In this chapter, Bechdel casts a certain inevitably over her father's tragic death. Every projection of how his life could have turned out differently, she writes, involves a "geographical relocation" (125), and yet, Bruce Bechdel's existence revolved around the town of Beech Creek, PA. Bechdel uses a drawing of written words - her father's obituary - to show the reader how geographically limited Bruce's life was. In her rendering of the obituary, Bechdel highlights all the mentions of "Beech Creek," the town in which Bruce Bechdel was born and died. Later in the chapter, she draws two letters that Bruce wrote to Helen while he was in the army: one is handwritten, one is typed. All of these written-word drawings represent Alison Bechdel's attempts to understand her father's specific voice and perspective through his words and words written about him. With each piece of evidence, however, Beech Creek becomes increasingly intertwined with Bruce Bechdel's identity. Alison hears her father's deep Pennsylvania accent in his recorded museum tour (which is about the history of Beech Creek); both excerpts from Bruce's letters to Helen contain poetic descriptions of his hometown. While Alison is able to escape Beech Creek and lose her accent, Bruce's hometown was eventually synonymous with the essence of his being. 

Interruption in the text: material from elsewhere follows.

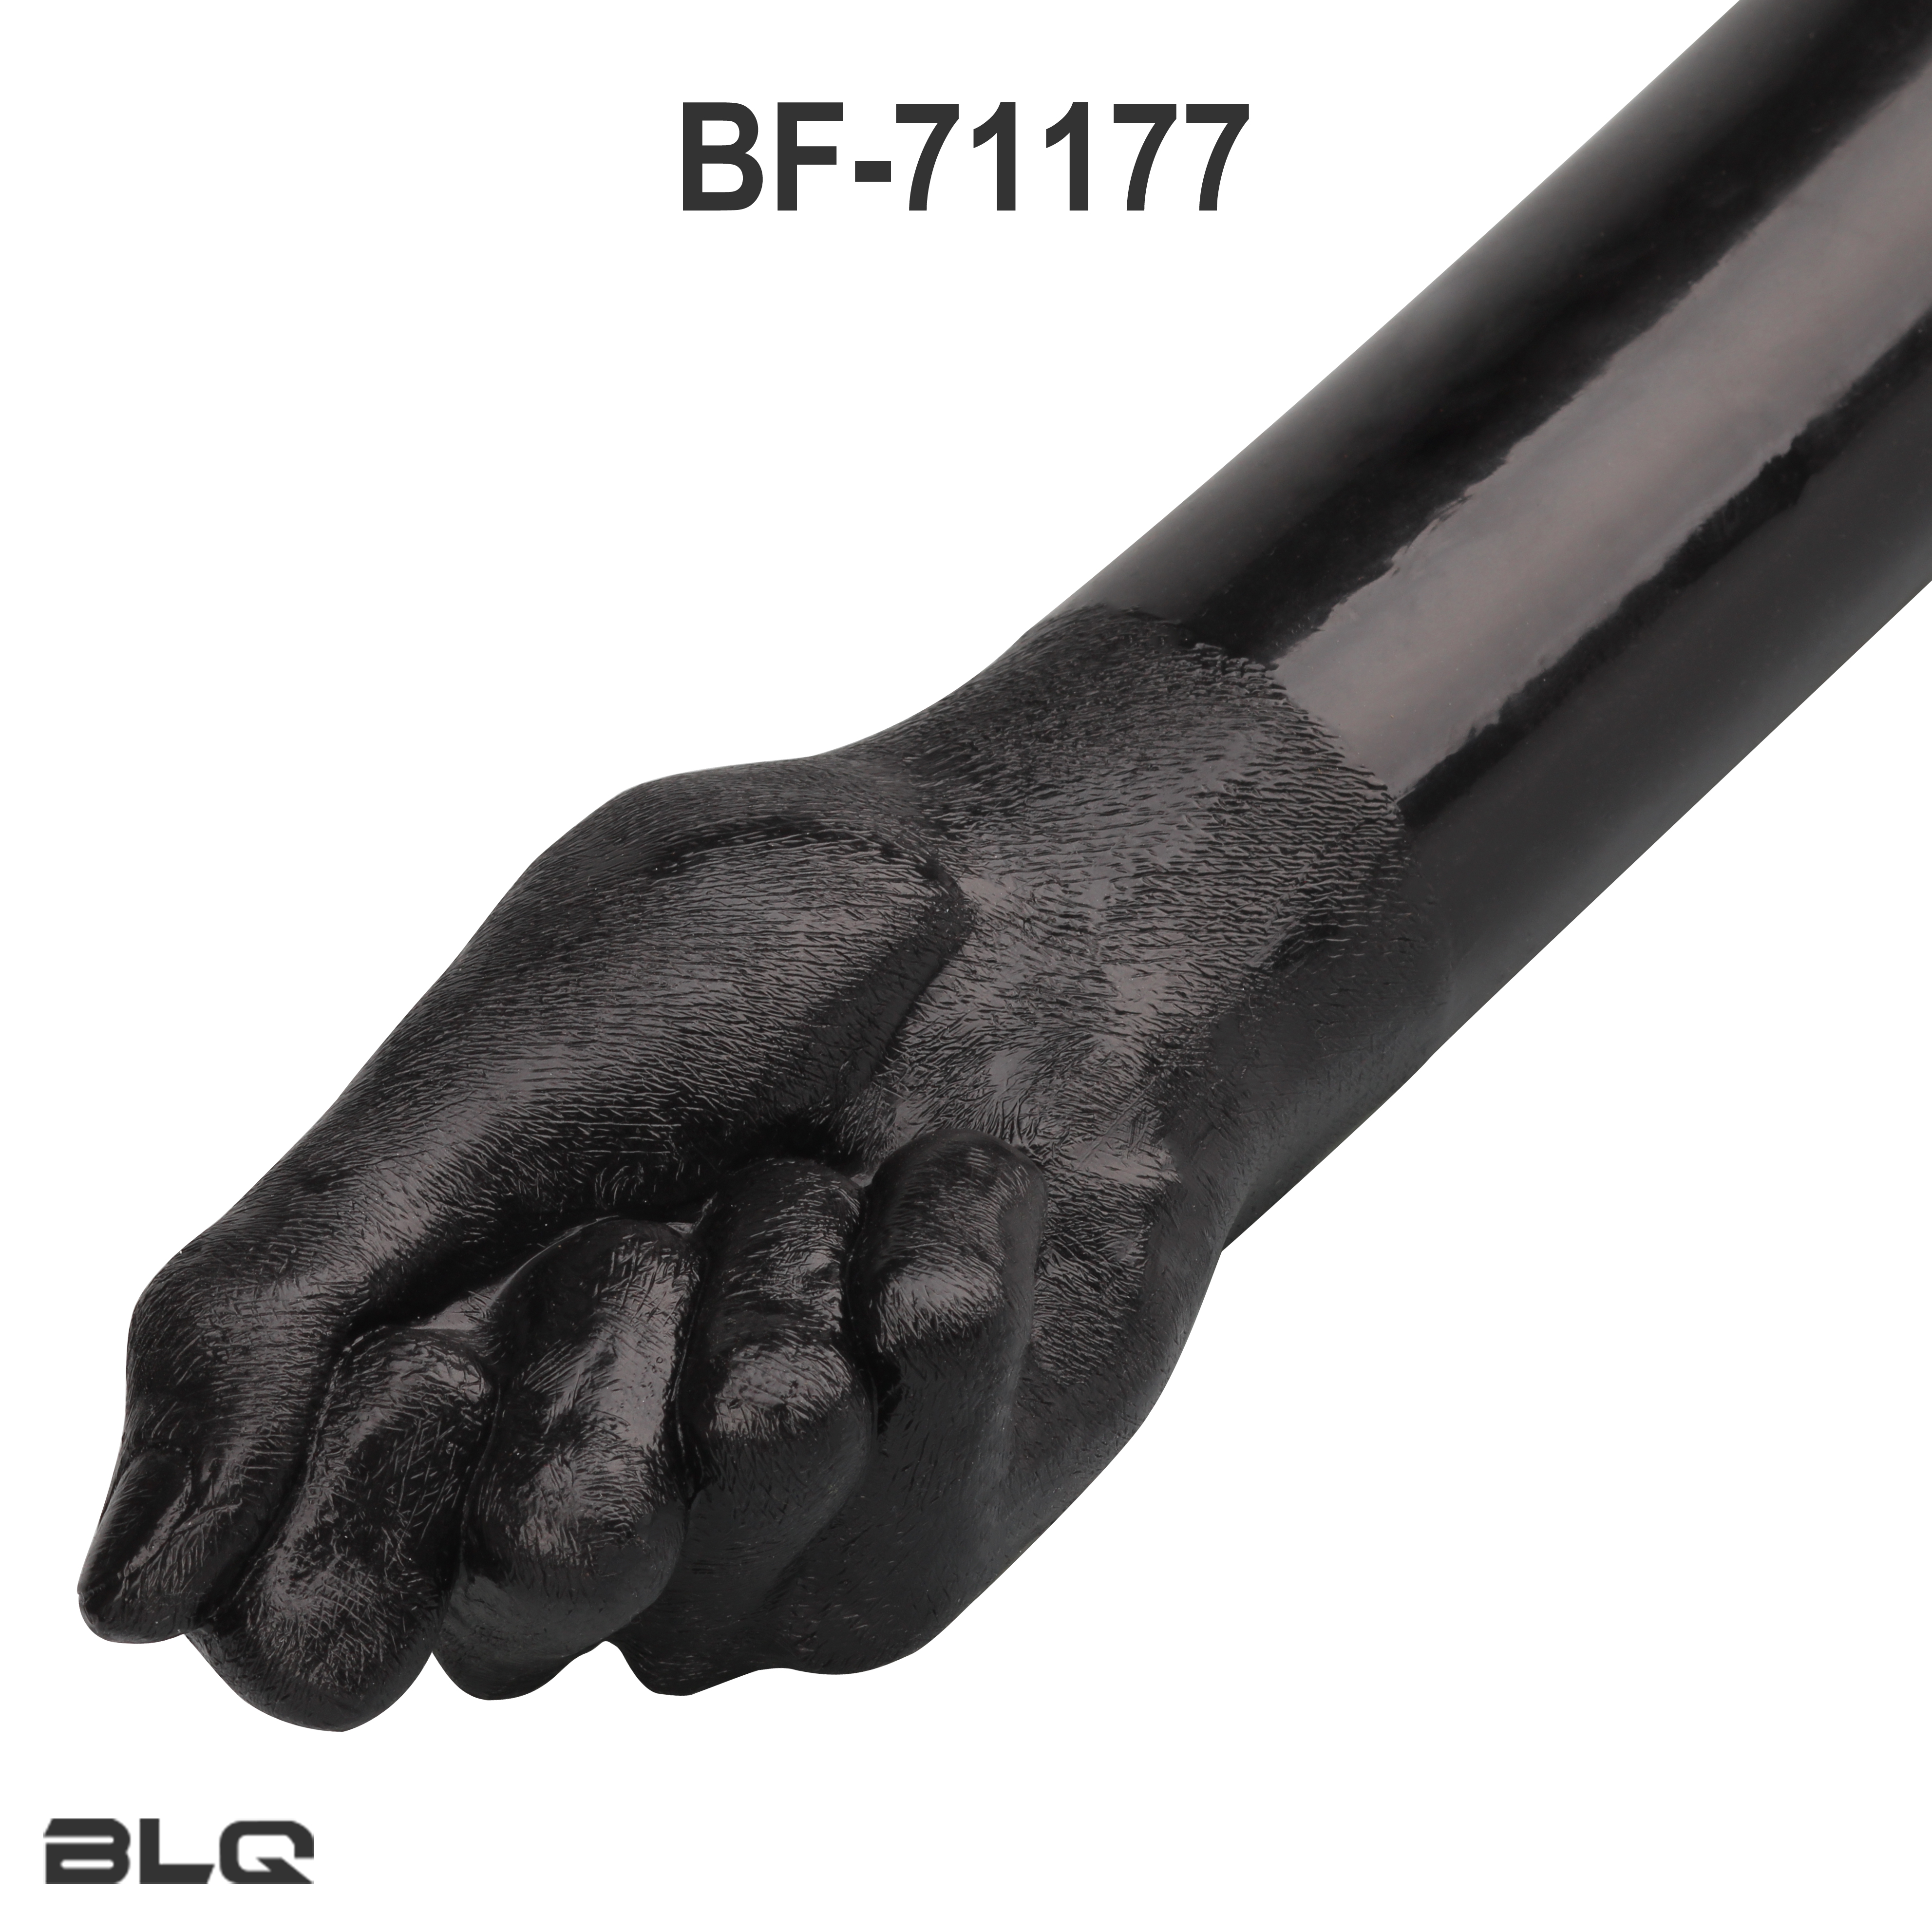 Double Ended Fisting Hands for Extreme Sex Big Black Dildo
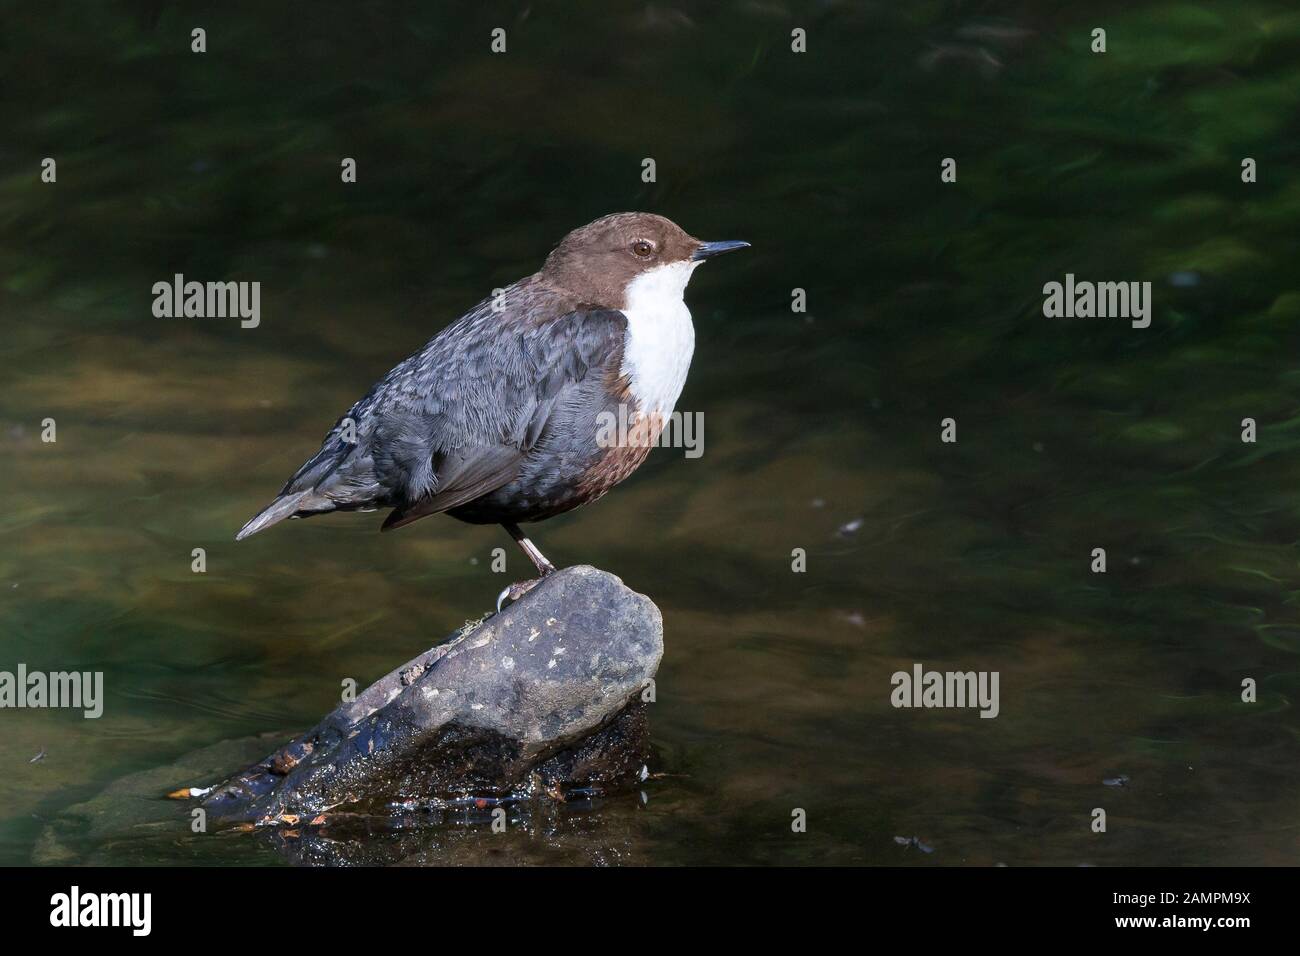 Side view close up of wild UK dipper bird (Cinclus cinclus) isolated on rock by shallow water of woodland stream, looking up in summer sun. Stock Photo

Death pervades this chapter, and not just in reference to Bruce Bechdel. Instead, Alison's fear of death and her determination to avoid harm is manifested in her obsessive-compulsive disorder. She draws symbols over the words she writes in her diary as a way of "warding off evil from [her] subjects" (142). When her cousin dies at a young age and she sees him laid out in the family funeral home, the symbols make her diary entries almost completely unreadable. In earlier chapters, Bechdel alludes to her indifference when seeing her first cadaver, but it becomes clear that she has not completely suppressed her emotions about death; they just come out in other ways. 

Bruce Bechdel's death jolts Alison out of denial  - she writes and speaks nakedly for the first time. While those who knew her father offer their polite condolences in the wake of his demise, Alison writes that she wanted to scream out, "He killed himself because he was a manic-depressive, closeted fag and he couldn't face living in this small-minded small town one more second" (125). In this one incendiary statement, Bechdel lets out everything she has wanted to say but has not yet had the chance, thus underlining the therapeutic nature of writing Fun Home. However, at the time of Bruce's death, she is forced to maintain the artifice that shrouded her father's entire existence and mourn him in an appropriate way. Later, Bechdel uses the creek from which Beech Creek takes its name as a metaphor to for her father's life. The creek appeared "crystal clear" (128), but only because it was so horribly polluted by the strip mines nearby. 

Furthermore, Bechdel links the idea of artifice to recurring theme of words having multiple meanings. As a child, Alison is so aware that people can twist the meanings of words that she compulsively draws symbols all over her diary order to protect the meaning in those words from evil. Now, Bechdel writes, those symbols represent "the troubling gap between word and meaning"; they form a shield over of the most troubling parts of her memories (142). The "compulsive propensity to autobiography" (140) Bechdel identifies within herself is reflected here in the memoir, as well as in the diaries she kept religiously as a child. This recognition is an example of the self-conscious narrator commenting upon the very creation of the work.